Records provided.

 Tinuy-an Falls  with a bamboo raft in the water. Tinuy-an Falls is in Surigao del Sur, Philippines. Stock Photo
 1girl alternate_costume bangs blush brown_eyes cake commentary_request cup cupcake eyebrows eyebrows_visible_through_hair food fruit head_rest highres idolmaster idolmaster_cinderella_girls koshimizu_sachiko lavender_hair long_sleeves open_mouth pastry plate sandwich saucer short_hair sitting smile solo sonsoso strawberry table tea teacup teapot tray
* * *
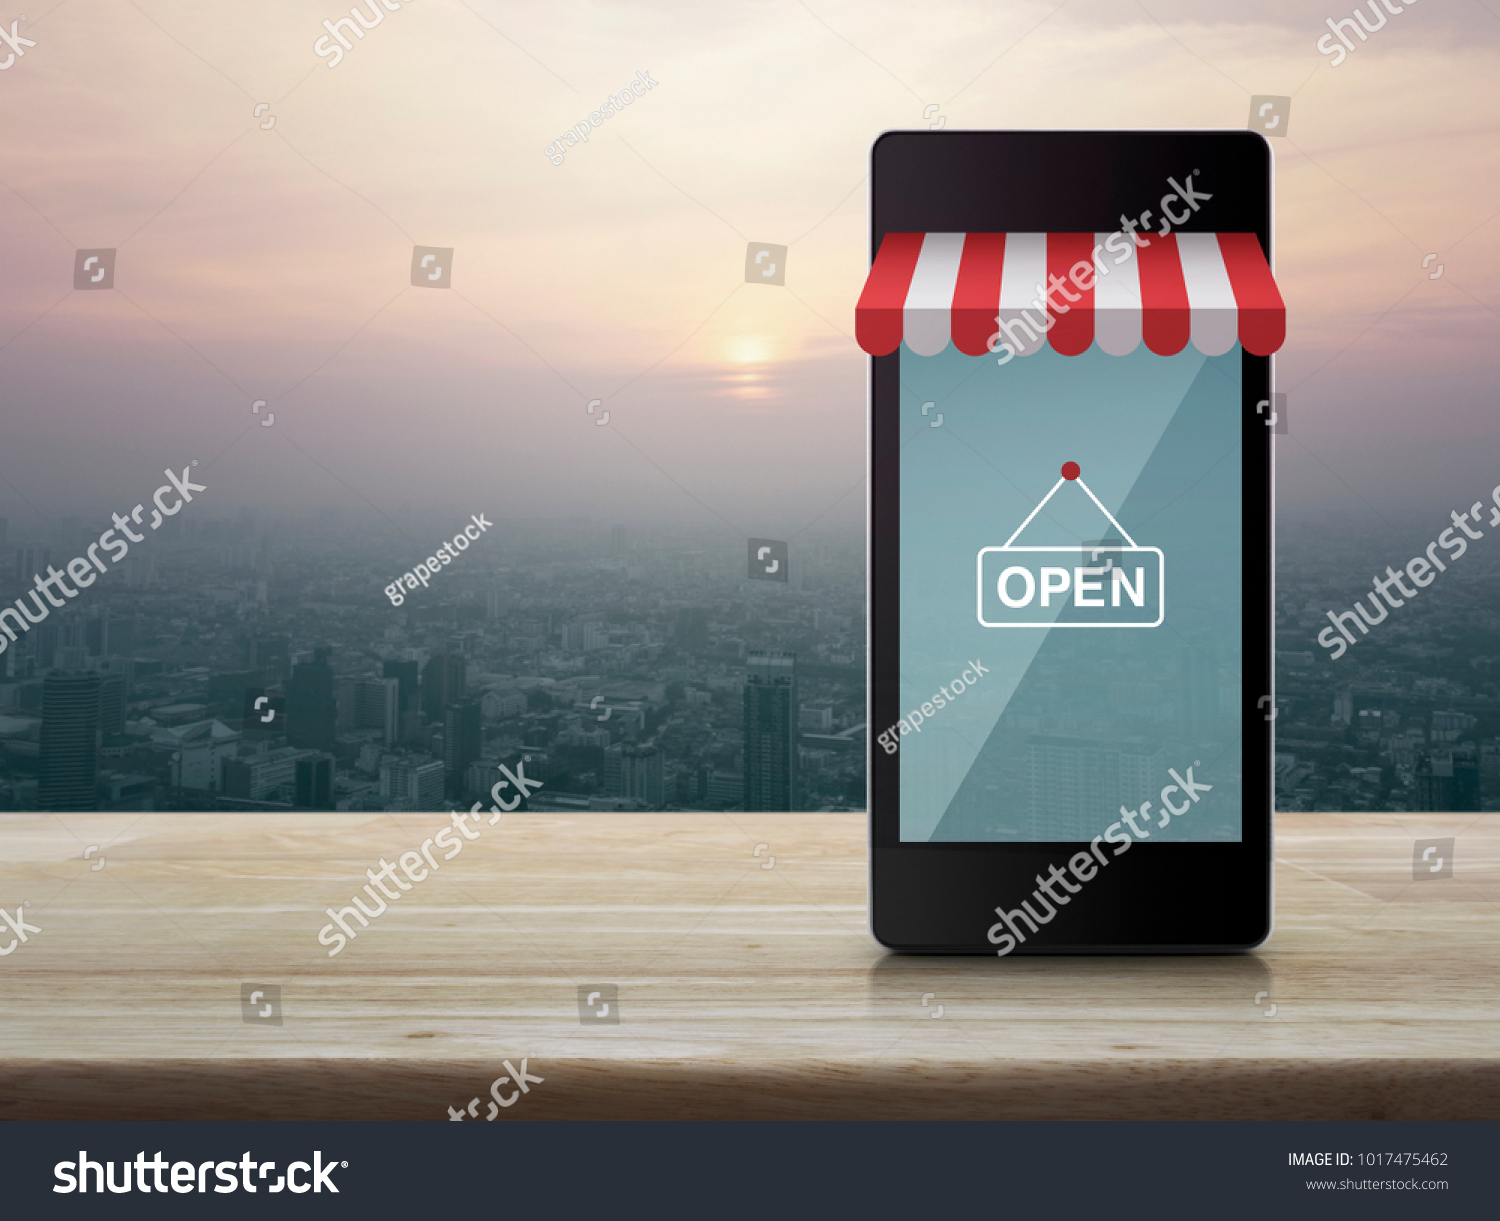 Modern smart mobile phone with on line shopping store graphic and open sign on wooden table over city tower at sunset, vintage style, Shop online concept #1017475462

Task brief. Retype the records above, but only those lines that fall between the line containing "Philippines. Stock Photo" and the line containing "1girl alternate_costume bangs", with both of those lines included, exactly as written.

Answer to this task.
 Tinuy-an Falls  with a bamboo raft in the water. Tinuy-an Falls is in Surigao del Sur, Philippines. Stock Photo
 1girl alternate_costume bangs blush brown_eyes cake commentary_request cup cupcake eyebrows eyebrows_visible_through_hair food fruit head_rest highres idolmaster idolmaster_cinderella_girls koshimizu_sachiko lavender_hair long_sleeves open_mouth pastry plate sandwich saucer short_hair sitting smile solo sonsoso strawberry table tea teacup teapot tray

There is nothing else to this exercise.